The requests, filed under the California Public Records Act, come in the wake of a wide-spread scandal involving both agencies’ use of in-custody informants to elicit incriminating information from defendants despite a constitutional ban on such practices.

“We know that Orange County officials have failed to play by the rules,” said Brendan Hamme, staff attorney with ACLU SoCal.“What we don’t know is how many innocent people were wrongly convicted because prosecutors and law enforcement adopted a win at any cost strategy.”

The scandal exploded during the trial of Scott Dekraai, who admitted to the 2011 killing of eight people in Seal Beach. Sheriff’s officials placed an informant next to Dekraai’s cell but failed to disclose that fact to the court and defense attorneys.
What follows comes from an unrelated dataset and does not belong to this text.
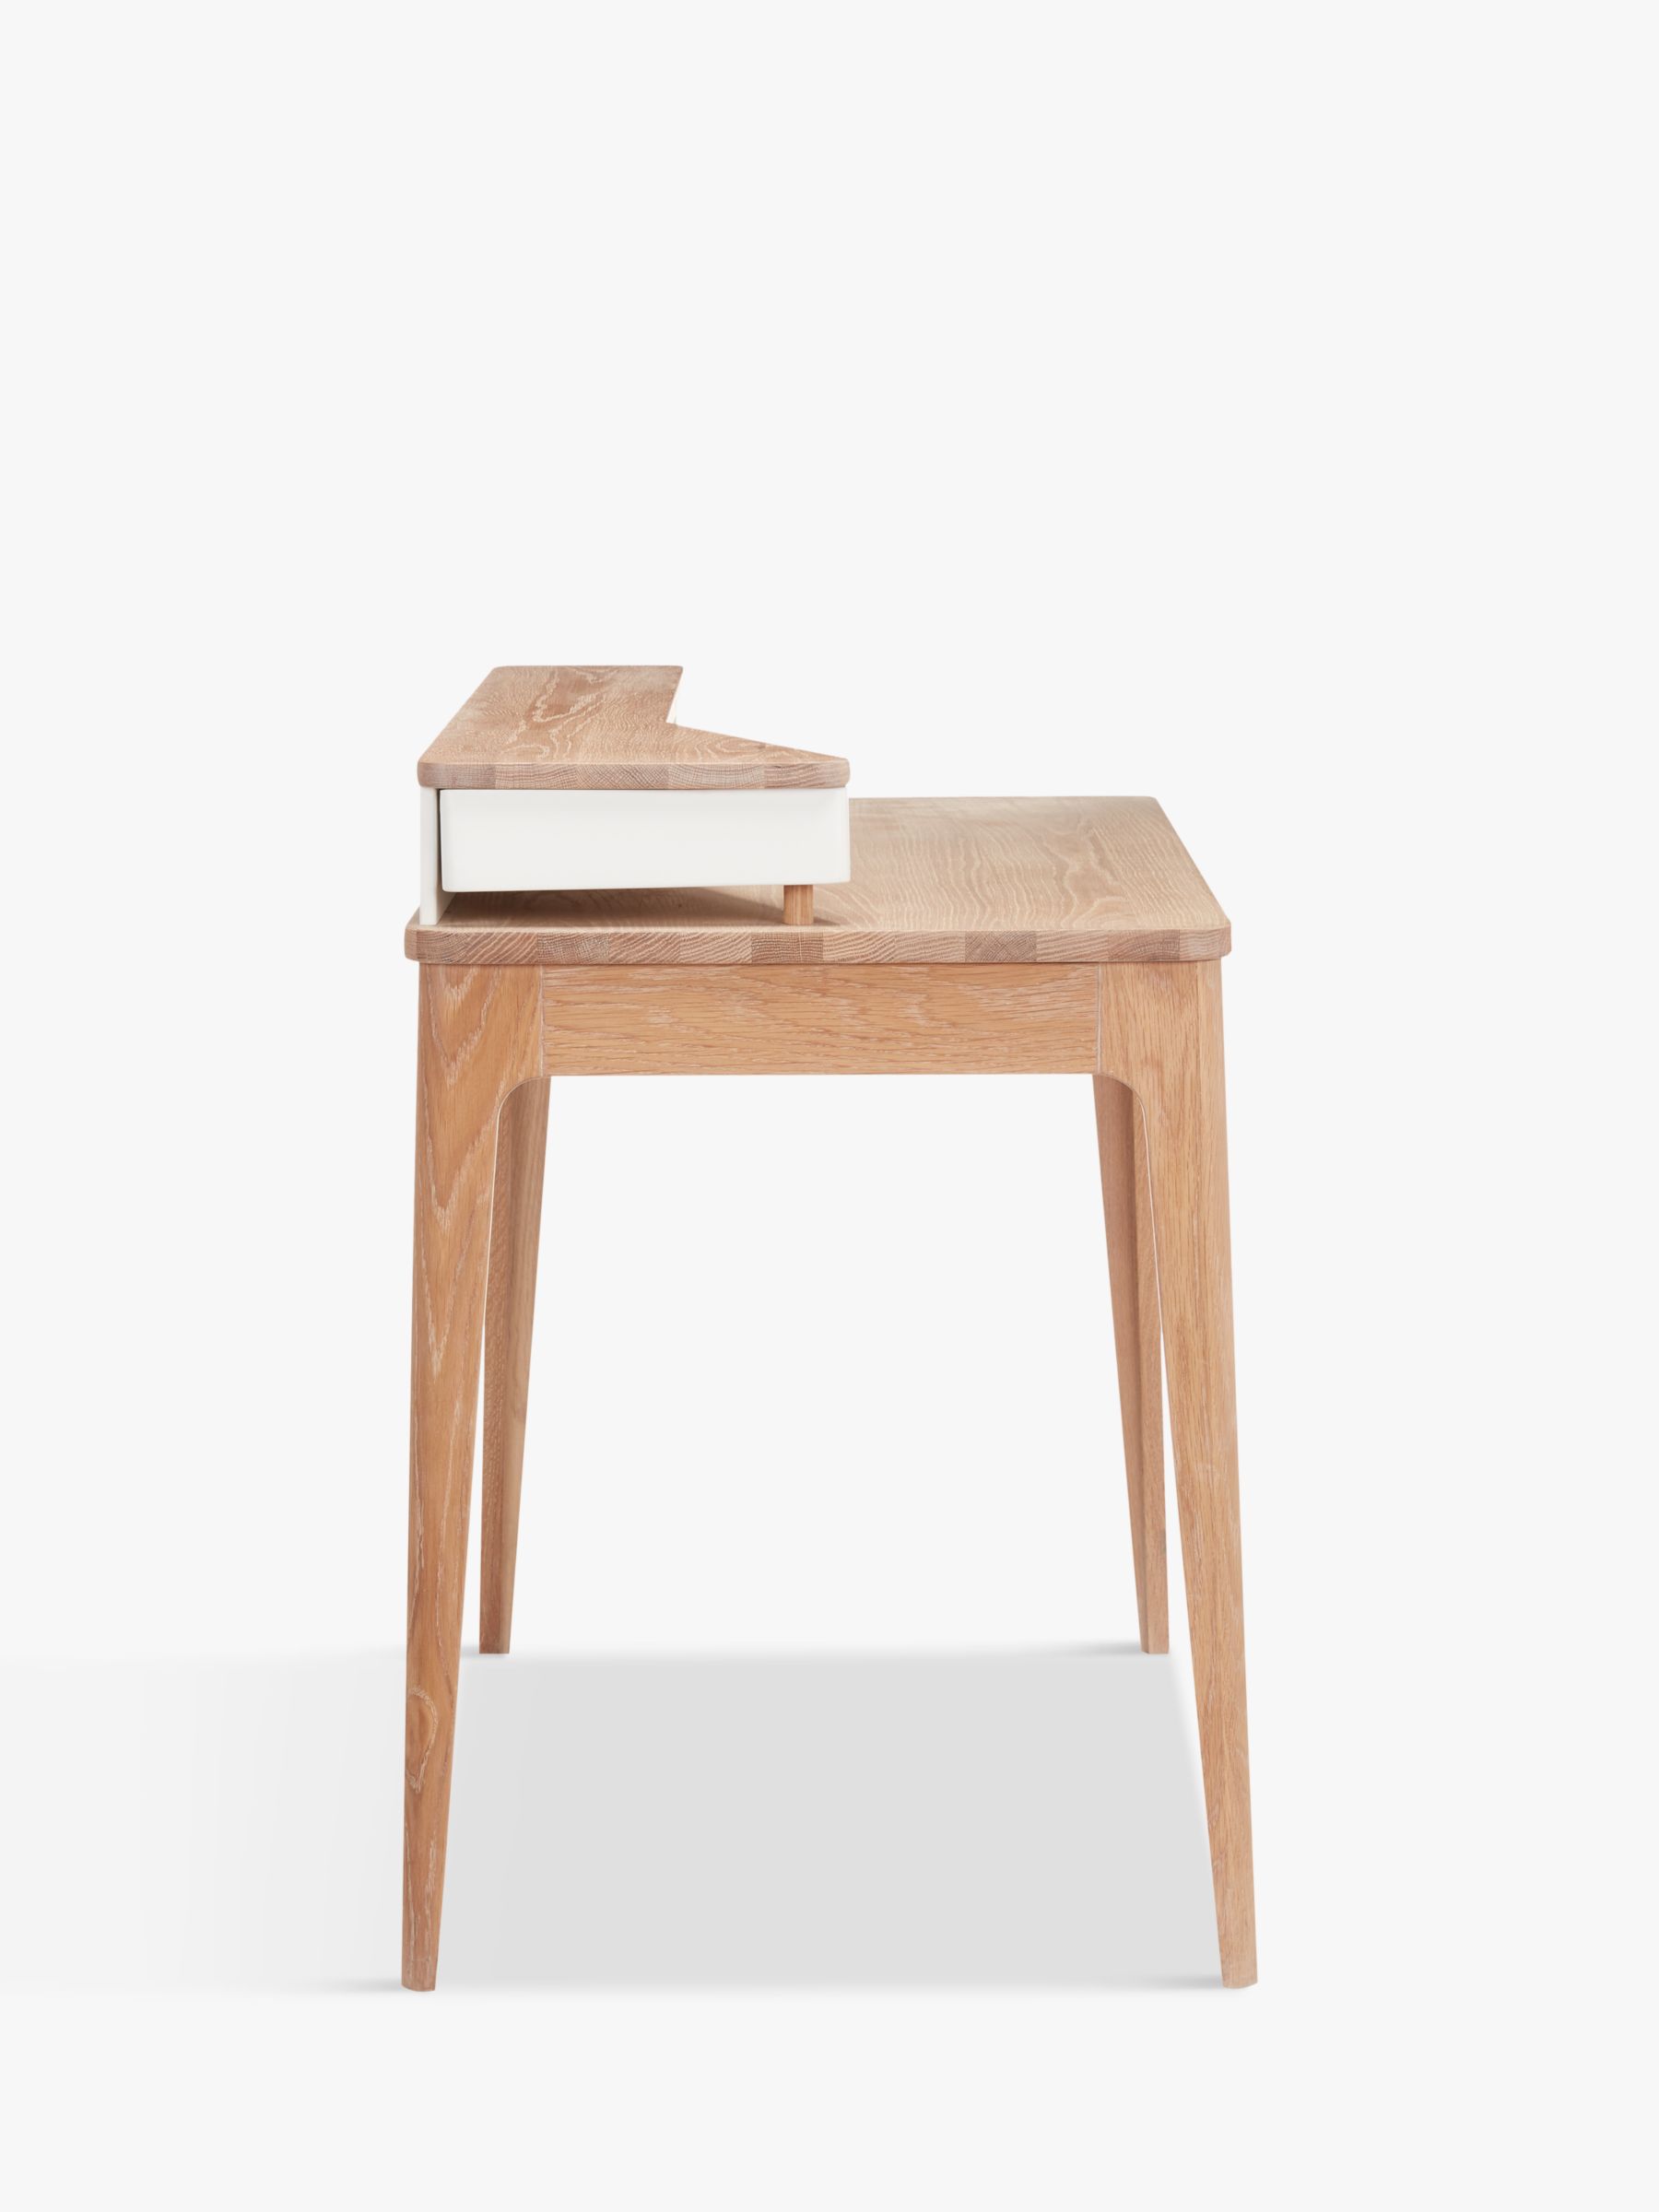 Ebbe Gehl For John Lewis Mira Office Contemporary Home, 59% OFF
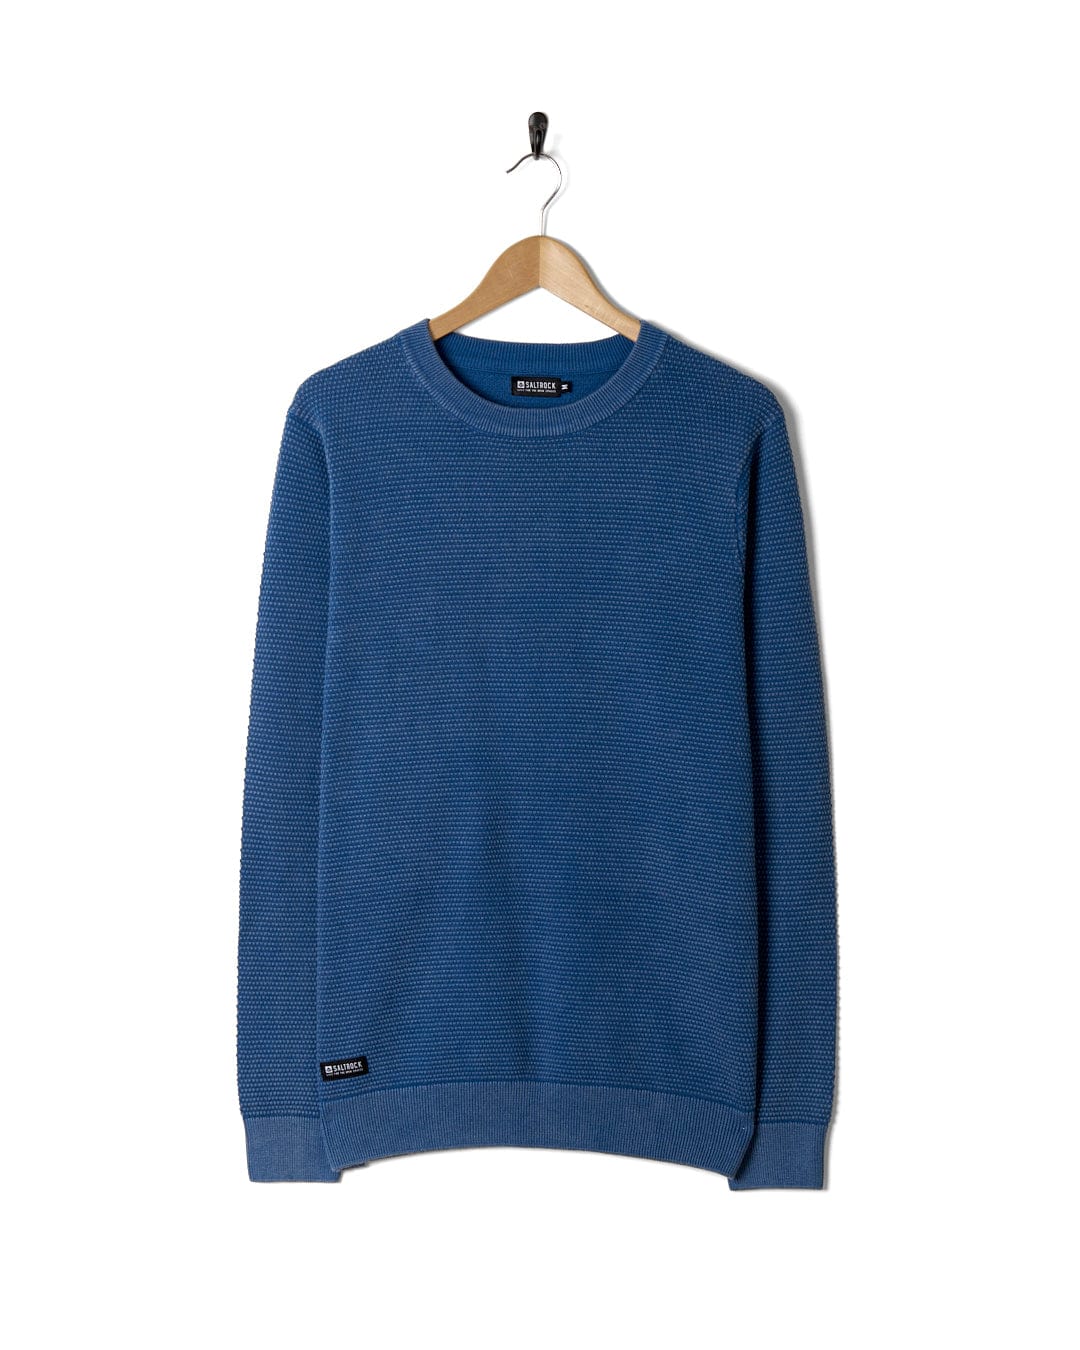 A Saltrock Moss - Mens Washed Knitted Crew sweatshirt hanging on a hanger.

Since then, a state judge has banned the entire district attorney’s office from the case, and a trove of documents surfaced, revealing that prosecutors and the sheriff’s department worked together, in some cases promising informants reduced sentences in exchange for obtaining incriminating evidence.

These revelations have led courts to overturn at least half a dozen convictions, finding that Orange County District Attorney Tony Rackauckus’ office failed to fulfill its duties, including that it turn over information that is favorable to a defendant.

“Orange County officials tell the public they can be trusted to clean up the scandal they created,” said Caitlin Sanderson, staff attorney with ACLU SoCal. “But that’s simply not good enough. Not given the scope of what has been uncovered. Not given the existence of a secret 25-year-old computerized database that contained potentially exculpatory evidence yet was intentionally concealed from defense attorneys. And not given the fact that prosecutors and law enforcement continue to maintain that they did nothing wrong even as courts overturn convictions because of government misconduct.”

ACLU SoCal’s request, which seeks policies, manuals, training materials, memos and other documents dating back to 1985, aims to ensure that both agencies fully address the scope of the scandal and avoid future miscarriages of justice.